**Exercise details:** Reproduce the whole listing that follows, character for character, and drop the images.

**Dataset extract:**
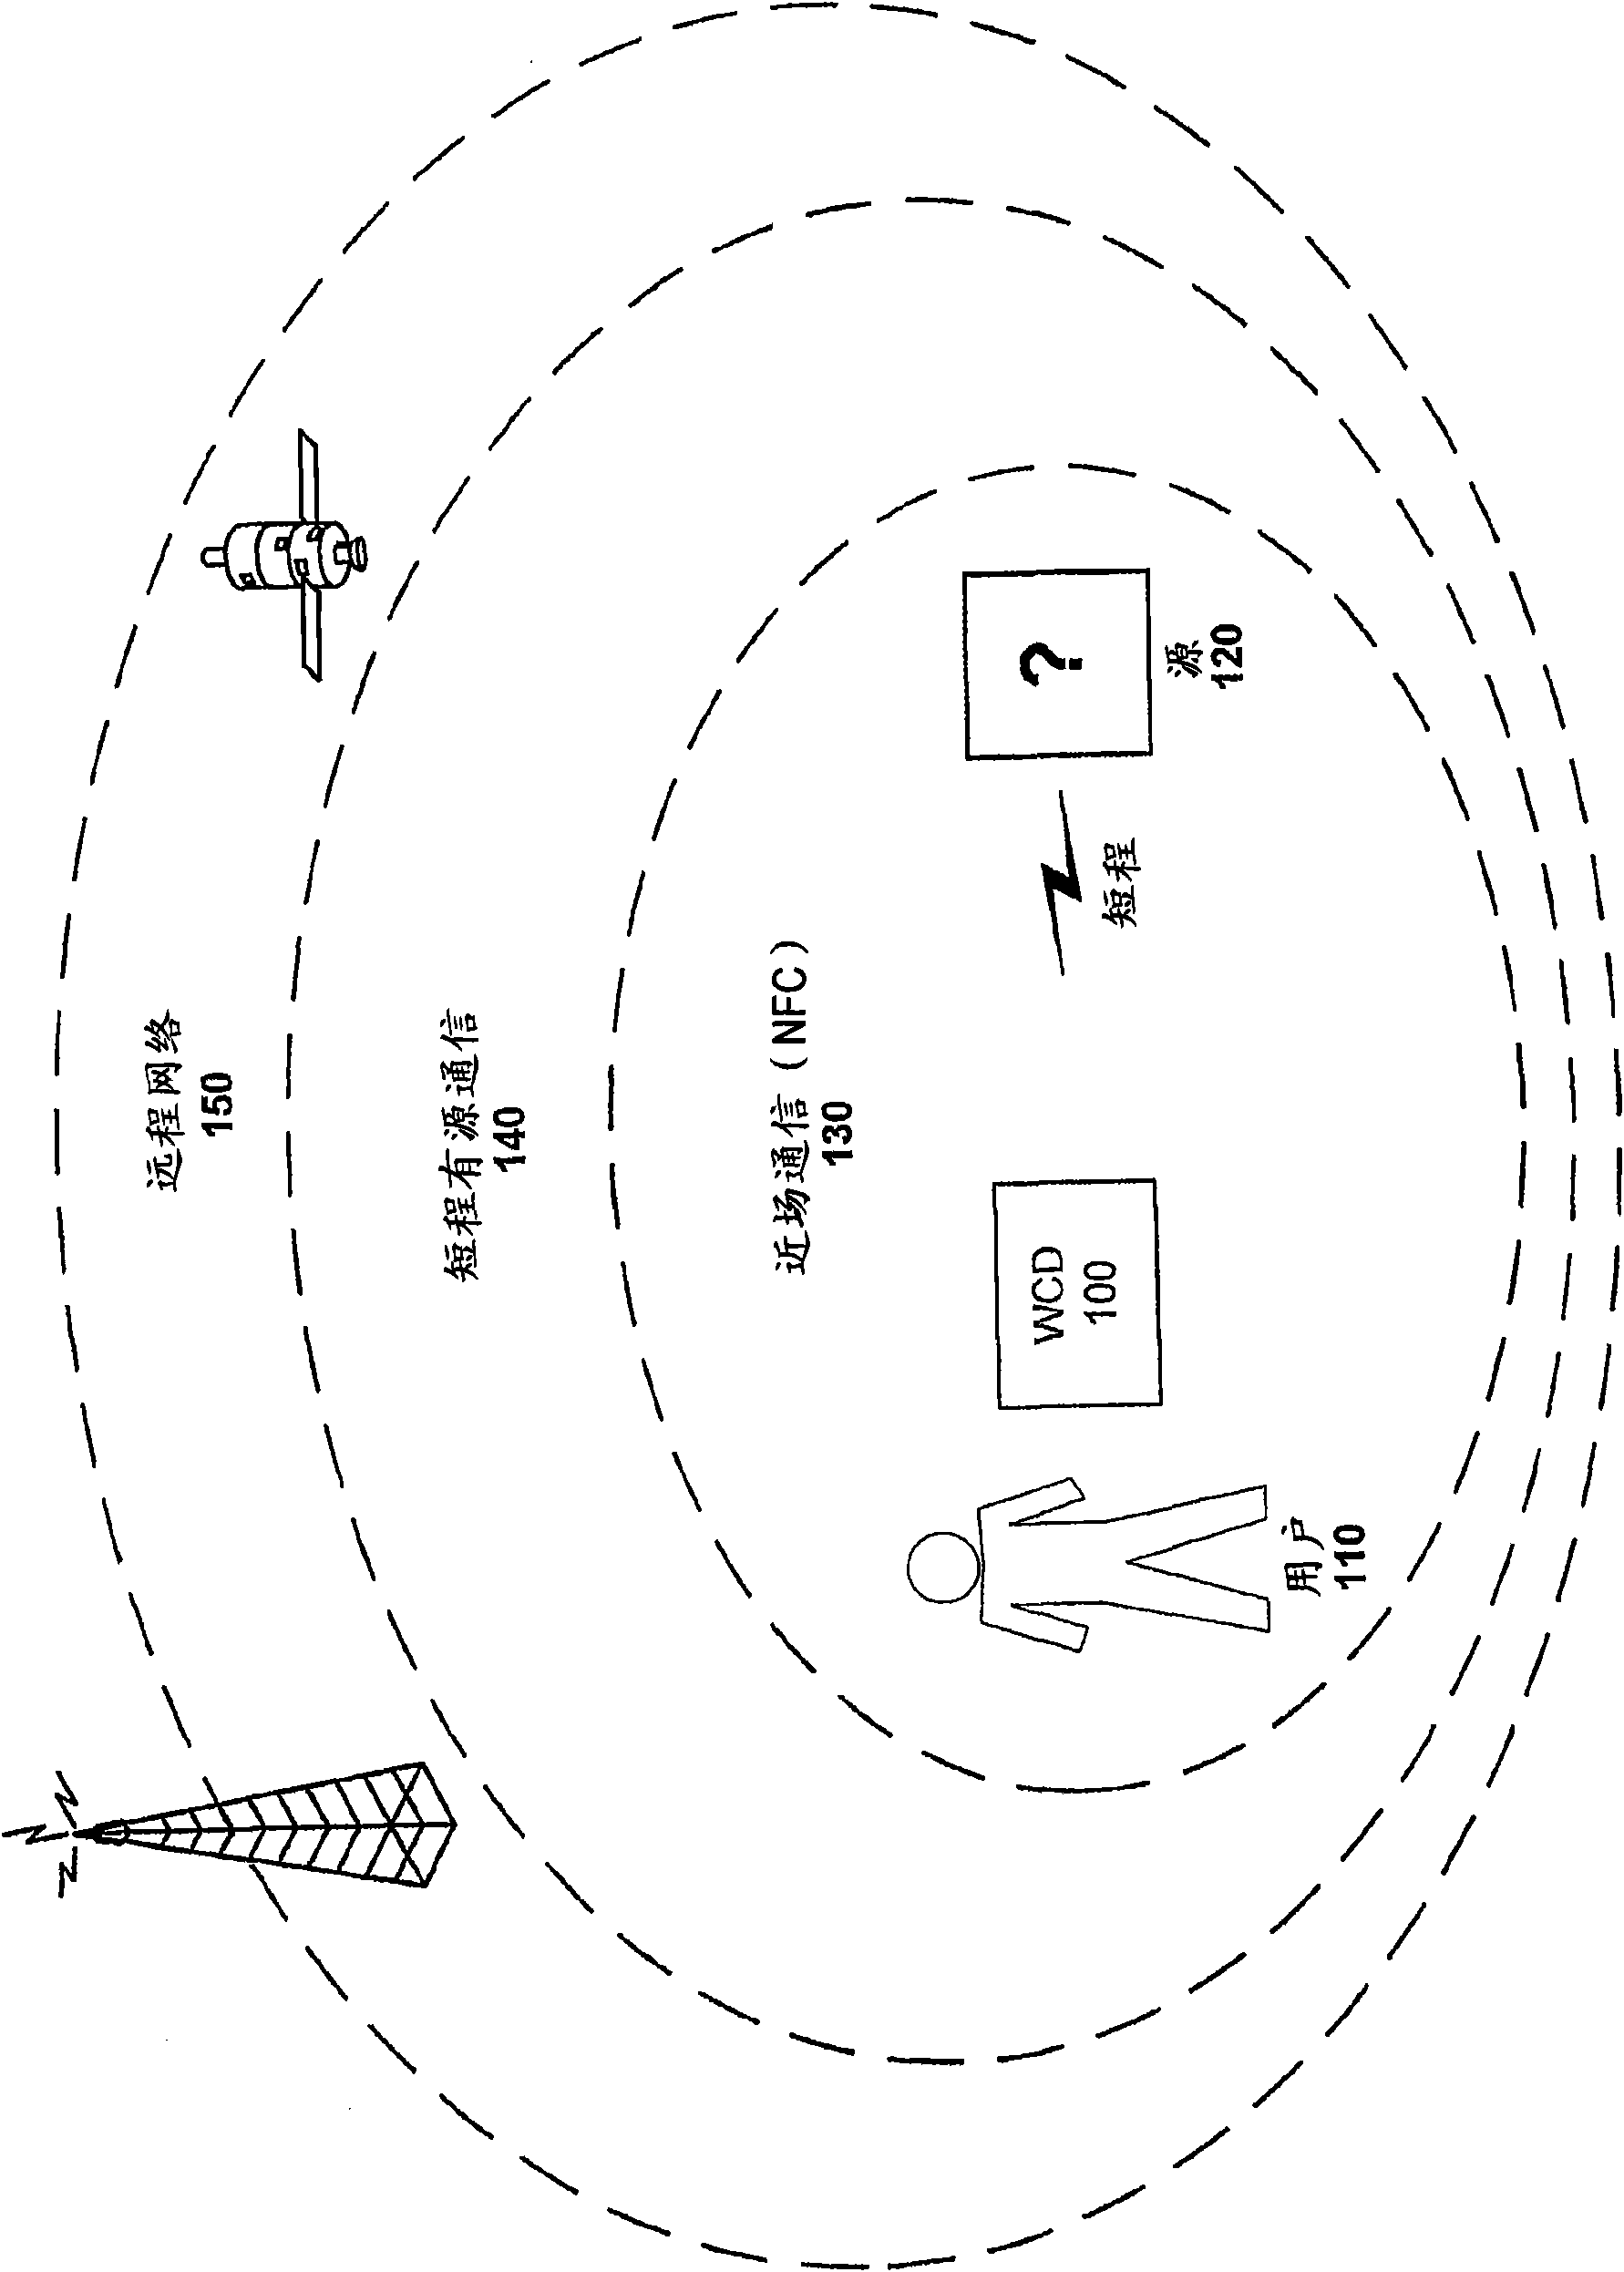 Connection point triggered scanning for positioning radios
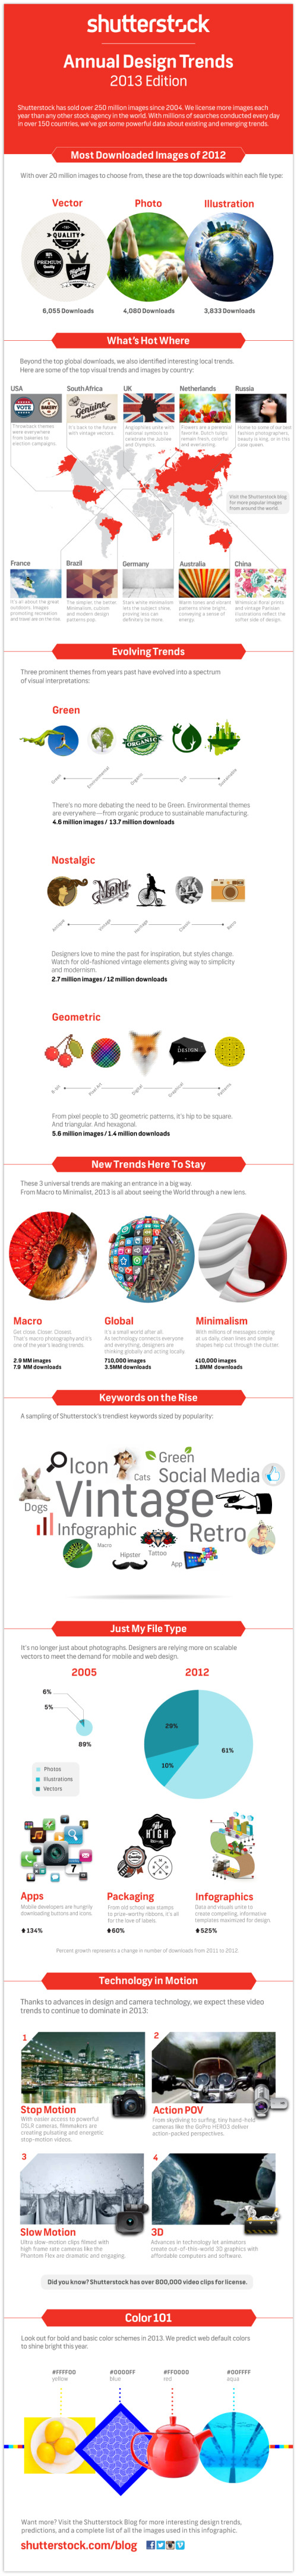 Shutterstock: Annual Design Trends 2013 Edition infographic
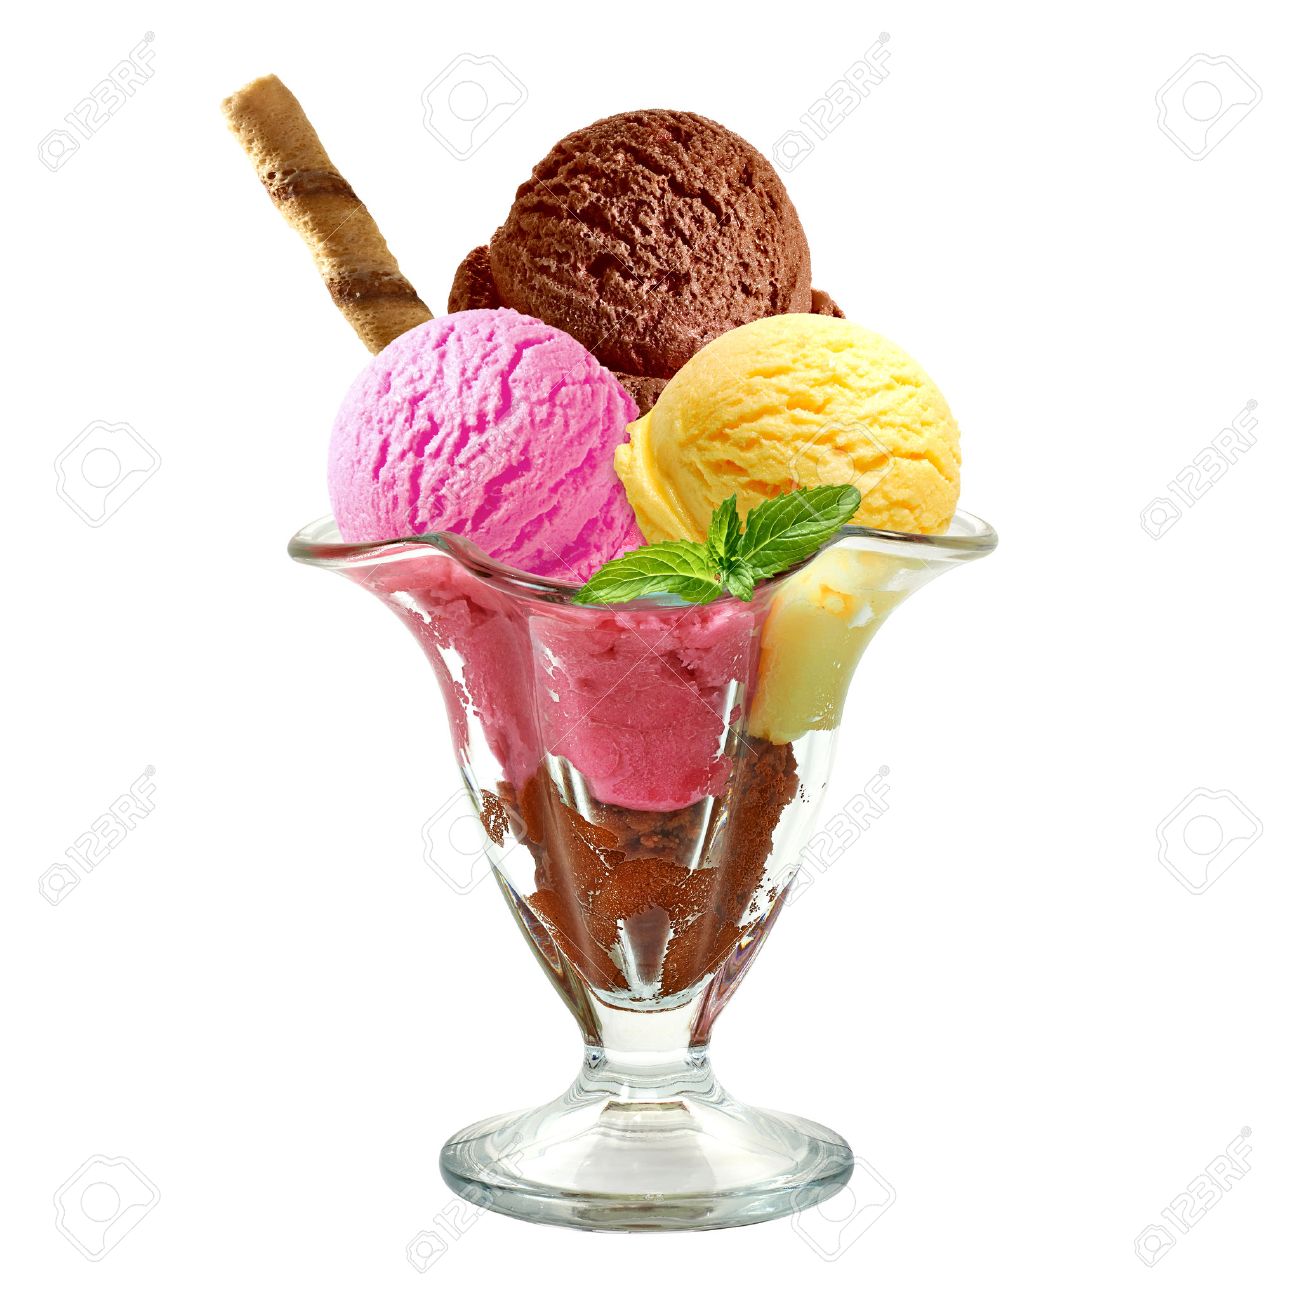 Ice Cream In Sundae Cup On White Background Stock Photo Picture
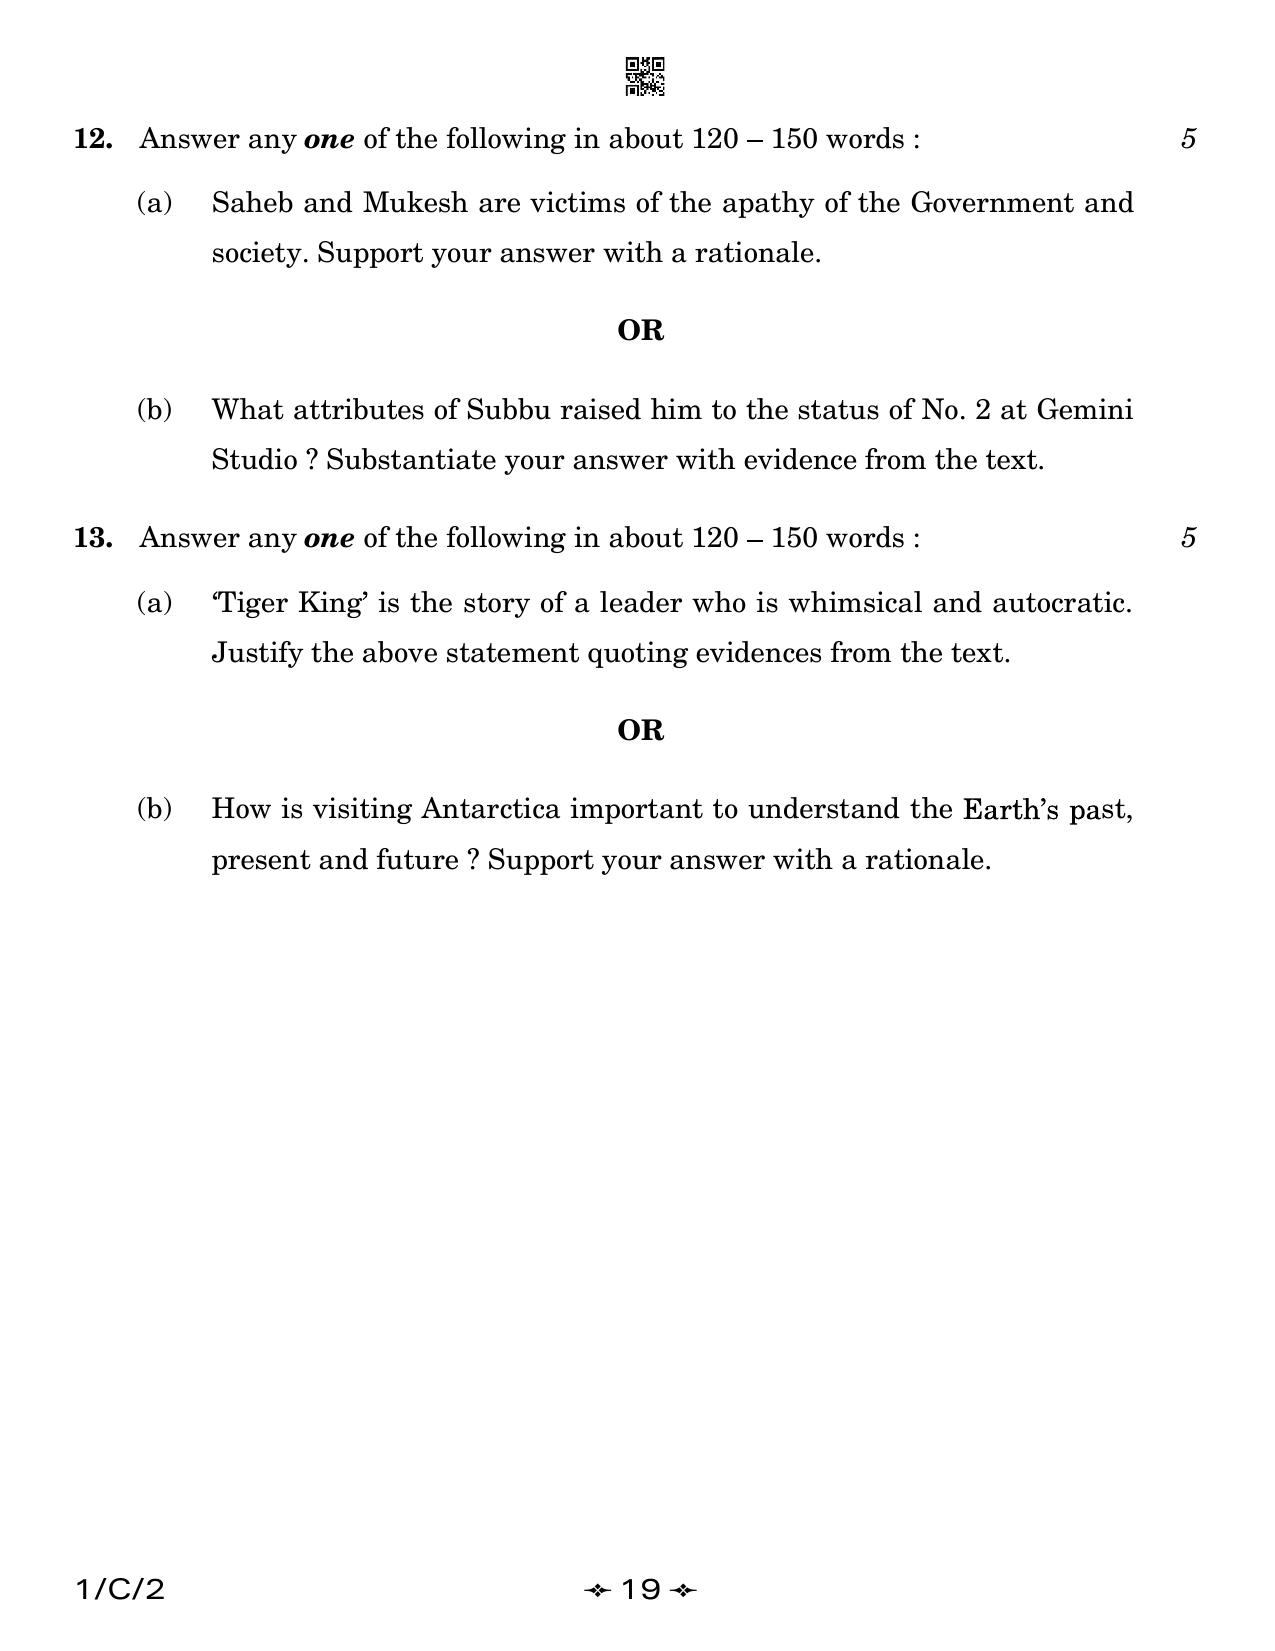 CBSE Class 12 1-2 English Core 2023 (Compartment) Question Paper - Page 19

**Solution to the exercise:**
 Connection point triggered scanning for positioning radios
 Shutterstock: Annual Design Trends 2013 Edition infographic
 Ice Cream In Sundae Cup On White Background Stock Photo Picture
 CBSE Class 12 1-2 English Core 2023 (Compartment) Question Paper - Page 19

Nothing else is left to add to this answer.